Figure 5 Reconfigurable UWB Antenna [11]

[12] presents a compact ring monopole UWB antenna in the range of 3.1-10.6GHz with the size

of 20mm×30mm can be reduced in dimensions.

Figure 6 UWB monopole antenna [12]

[13] presents a Z shaped antenna structure with the size of 10mm×11mm: 0.1λ×0.1λ which

works at around 2.4GHz but provides very narrow bandwidth and can be modified for UWB

applications.



Figure 7 Z shaped compact narrow band antenna

[14] presents another Z-shaped antenna oriented inversely for UWB realization provides

frequency of operation in the range of 2.9 to 5.6GHz which covers the 5GHz WLAN and

3.5GHz WiMax. Size of the antenna was 40mm*40mm: 0.47λ *0.47 λ at 3.5GHz which is larger

comparatively and needed to be improved for USB type devices or so on.

Figure 8 Z shaped UWB antenna structure [14]

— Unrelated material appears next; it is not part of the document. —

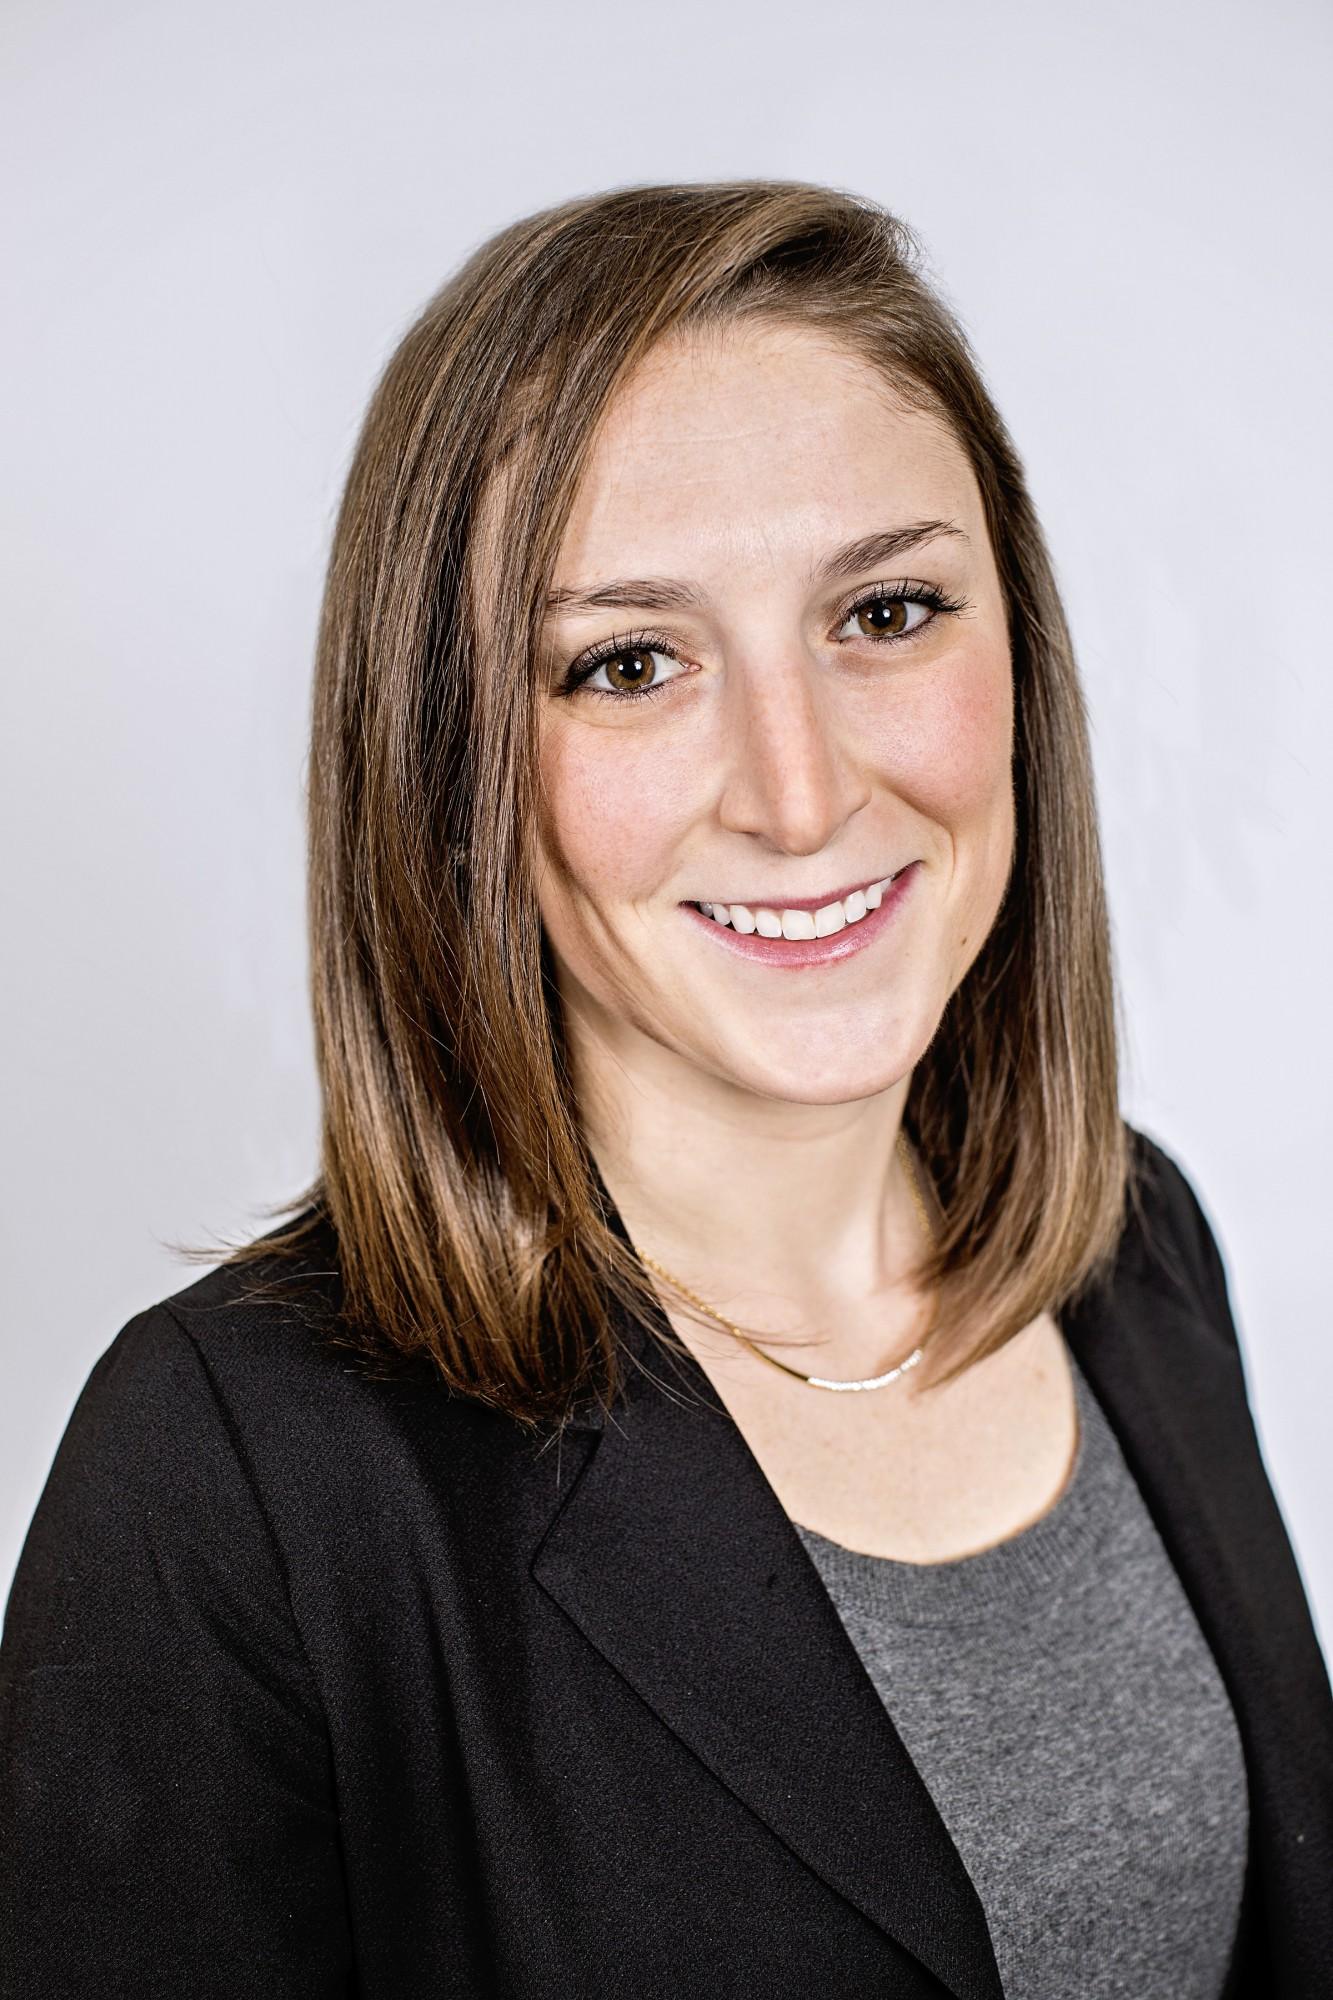 Jocelyn Simon

[15] presents multiband Z-shaped antenna structure operate at 2.5 GHz, 3.5GHz and 5.7GHz

with the size of 33m×28mm: 0.28 λ *0.23 λ at 2.5GHz. However, the structure can be improved

for UWB systems with proper slotted technique.



Figure 9 Multiband Z-shaped antenna [15]

Among all of the works reviewed, it is evident that slotted patch technique can be a possible

solution for UWB antenna realization with excellent gain and omnidirectional radiation pattern.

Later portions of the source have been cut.